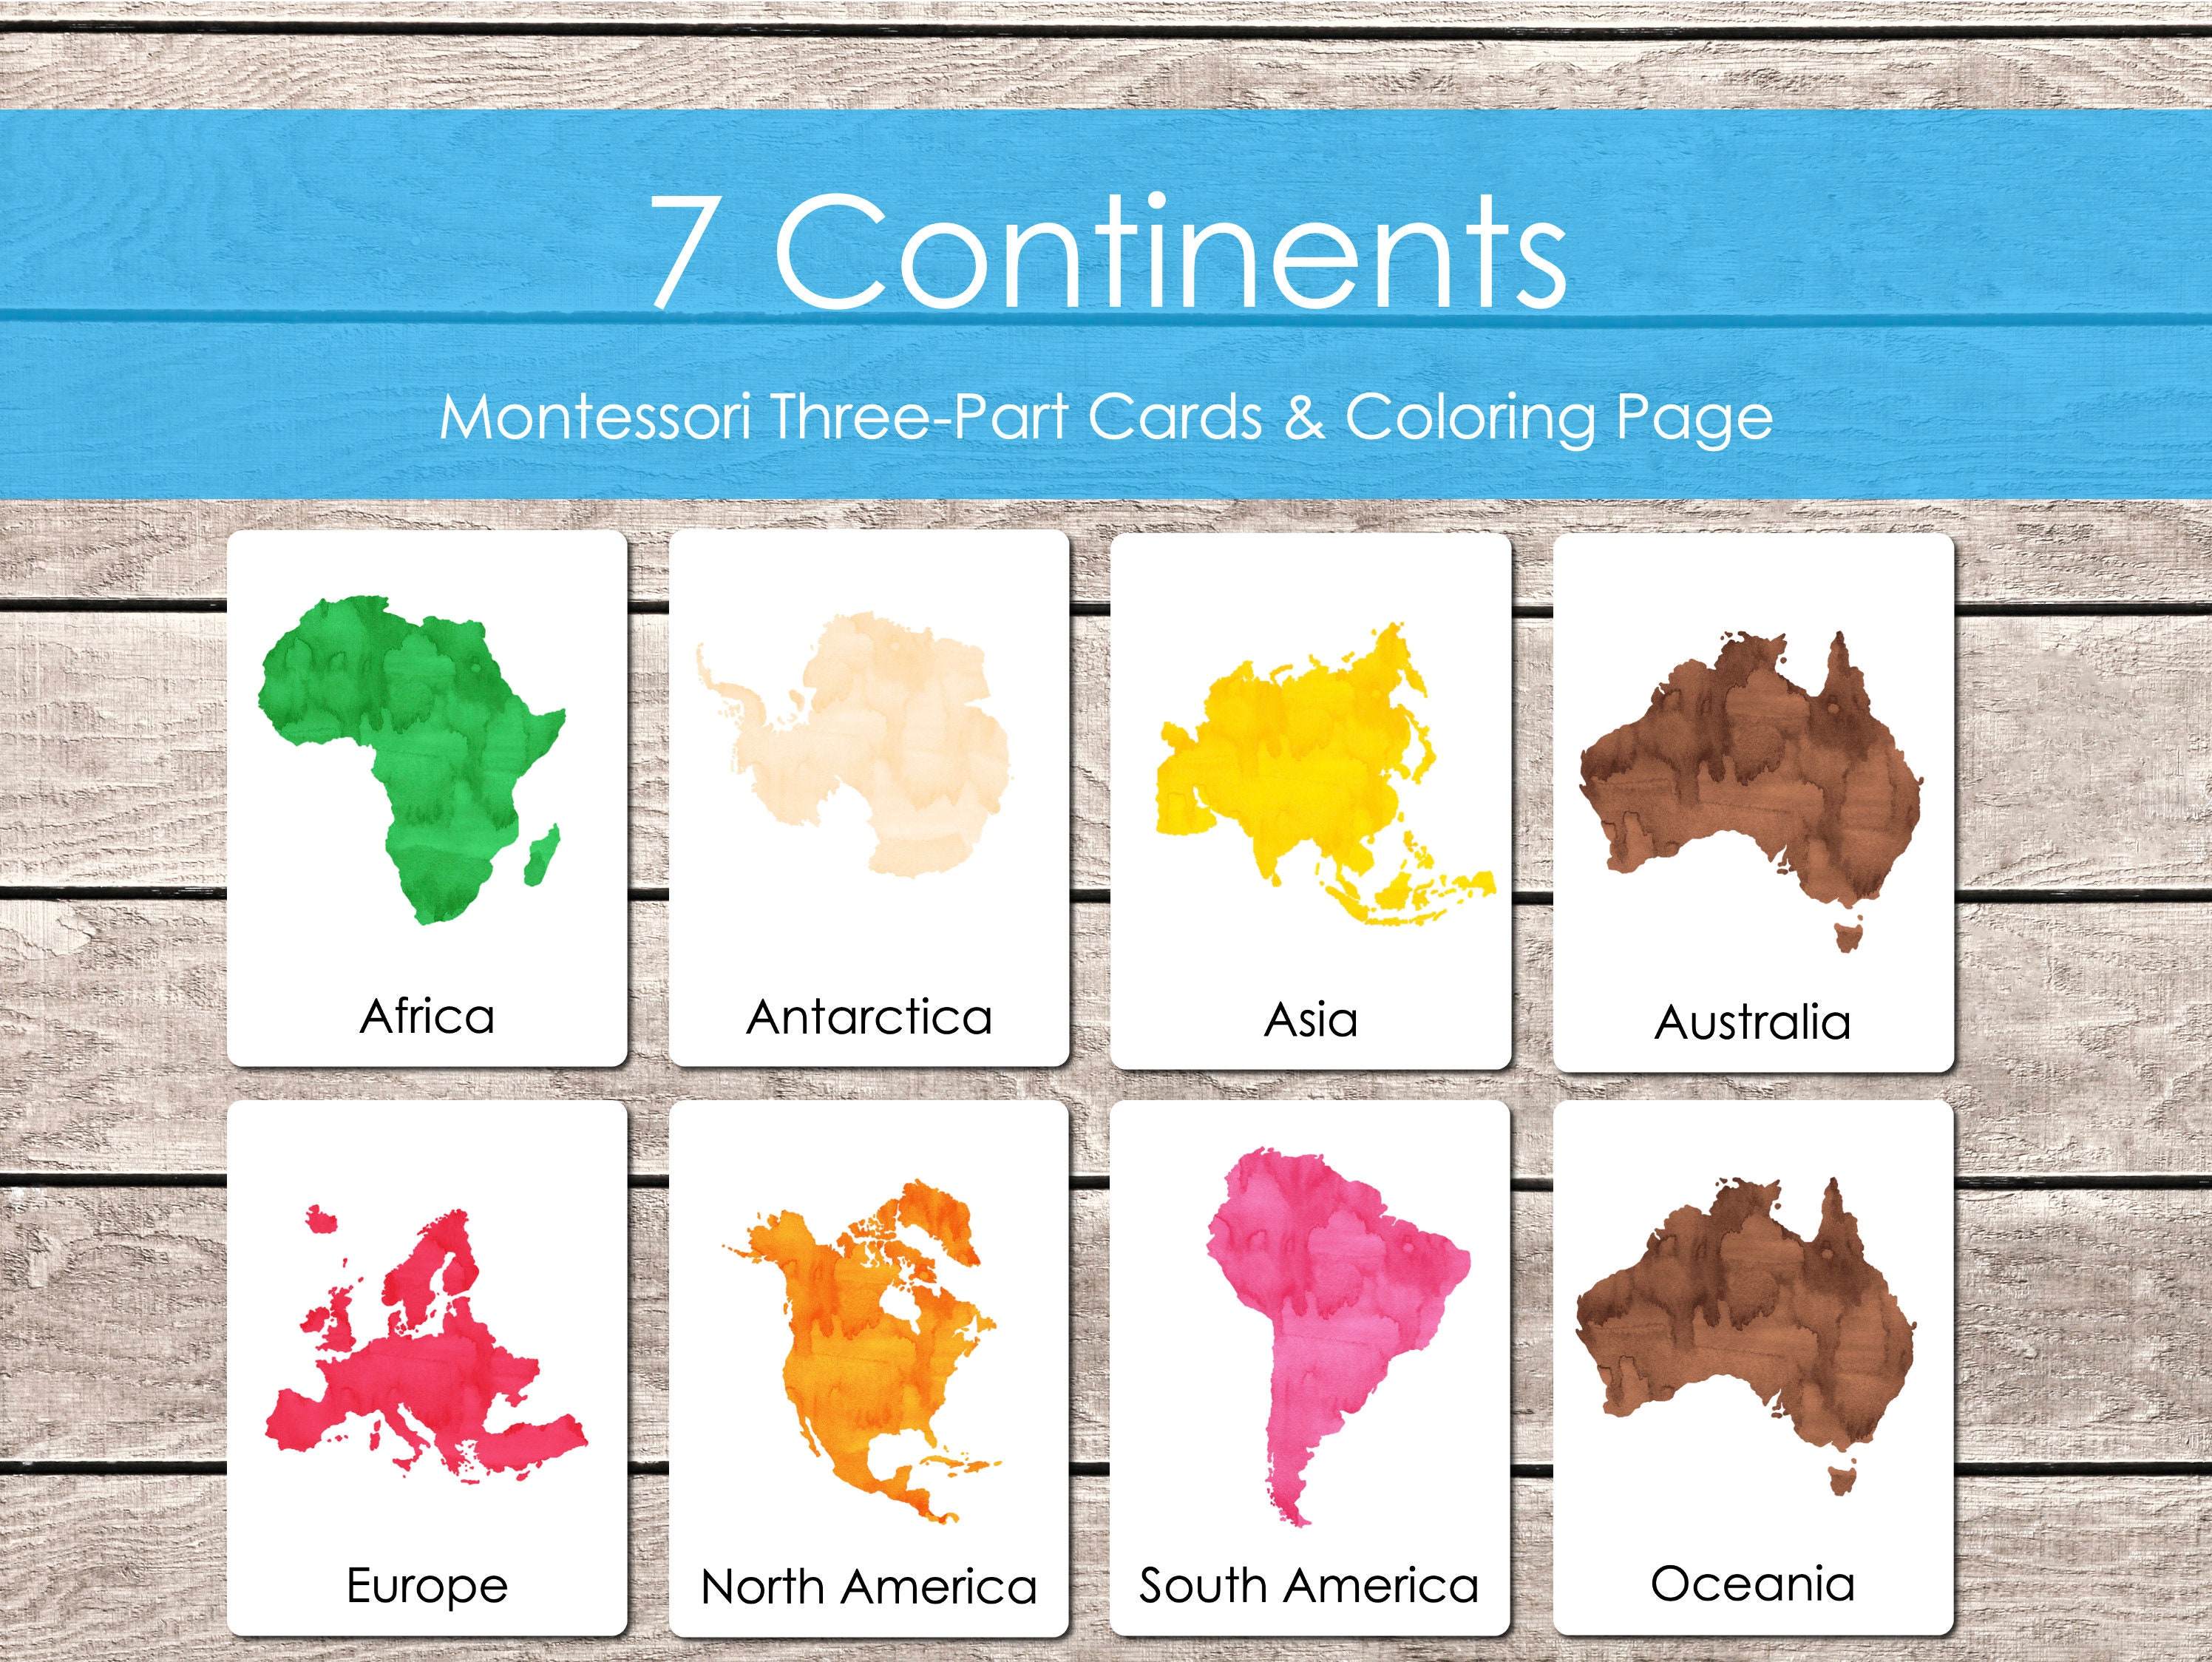 7 Continents Montessori Three Part Cards Continents image
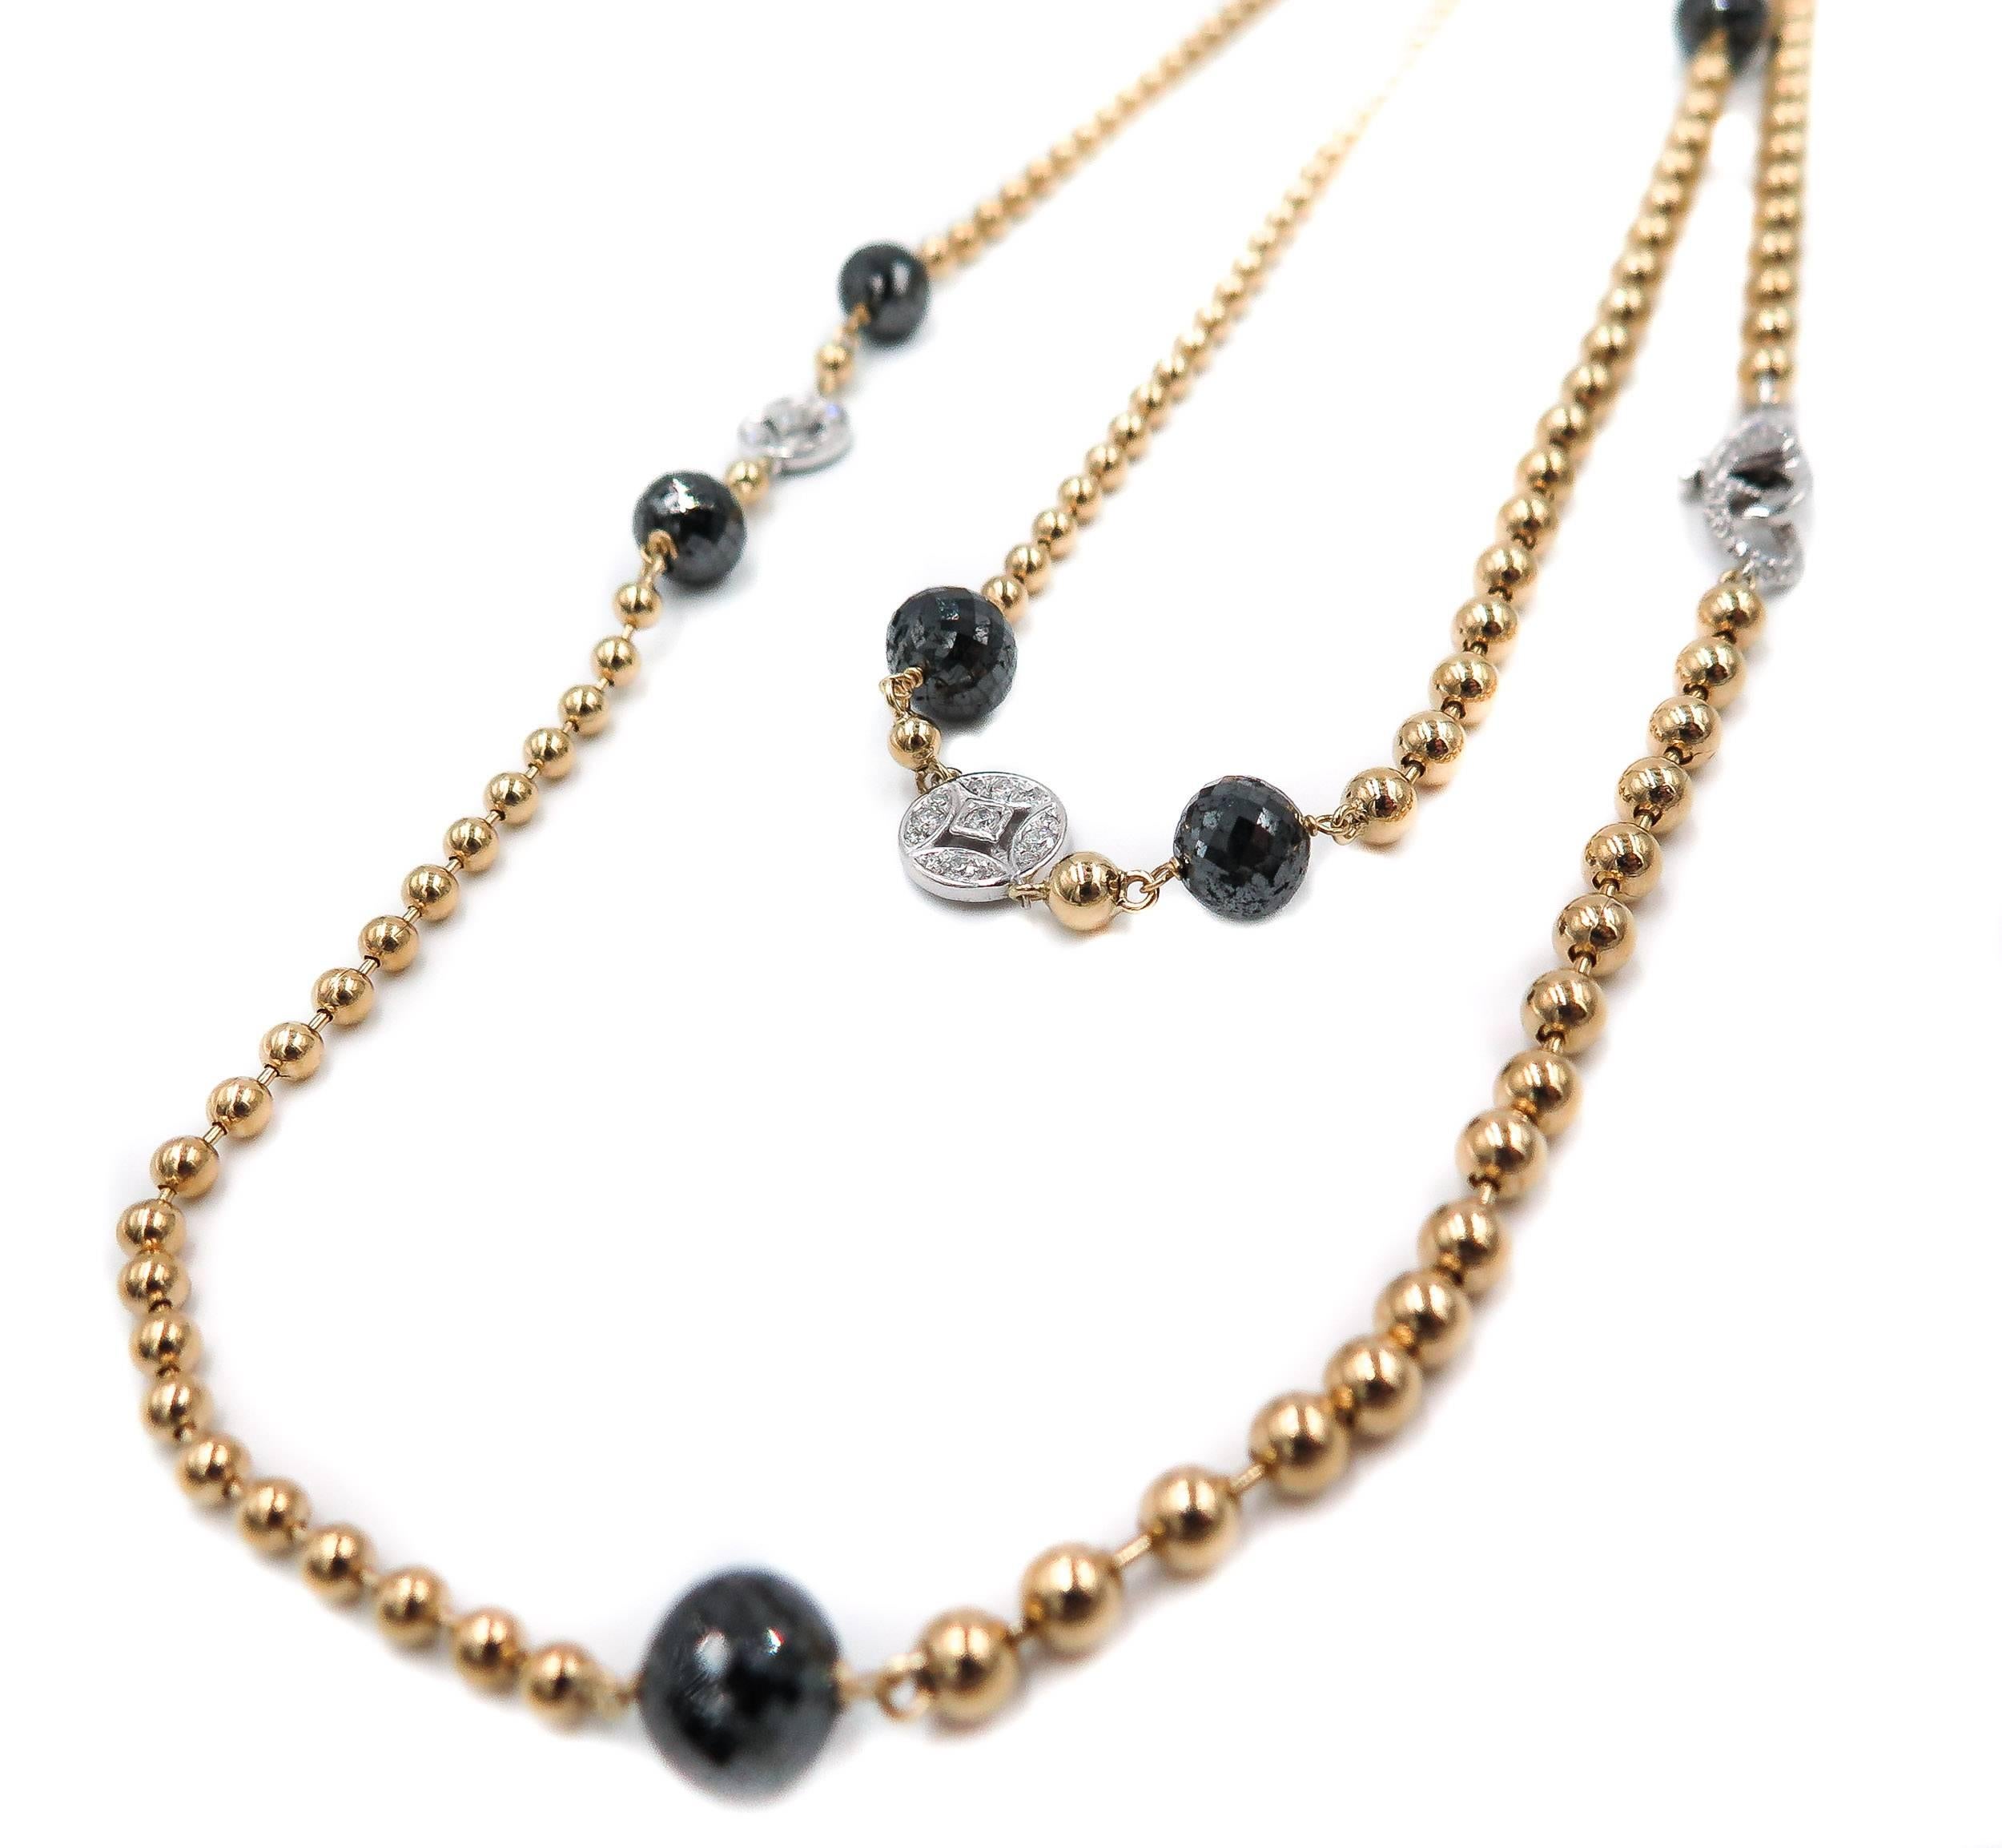 Elegant and gracious, this 45 inch long necklace is the perfect compliment to your outfit. Versatile and easy to wear accessorize a long dress or a pair of jeans with t-shirt.
Handcrafted in Italy by a master jeweler in 18k yellow gold with faceted
□ □ □ □
:: WHAT THE EXERCISE ASKS ::
When you write out the material, keep every line exact and leave out each picture.

:: ANSWER TO THE EXERCISE ::
 7 Continents Montessori Three Part Cards Continents image
 Elegant and gracious, this 45 inch long necklace is the perfect compliment to your outfit. Versatile and easy to wear accessorize a long dress or a pair of jeans with t-shirt.
Handcrafted in Italy by a master jeweler in 18k yellow gold with faceted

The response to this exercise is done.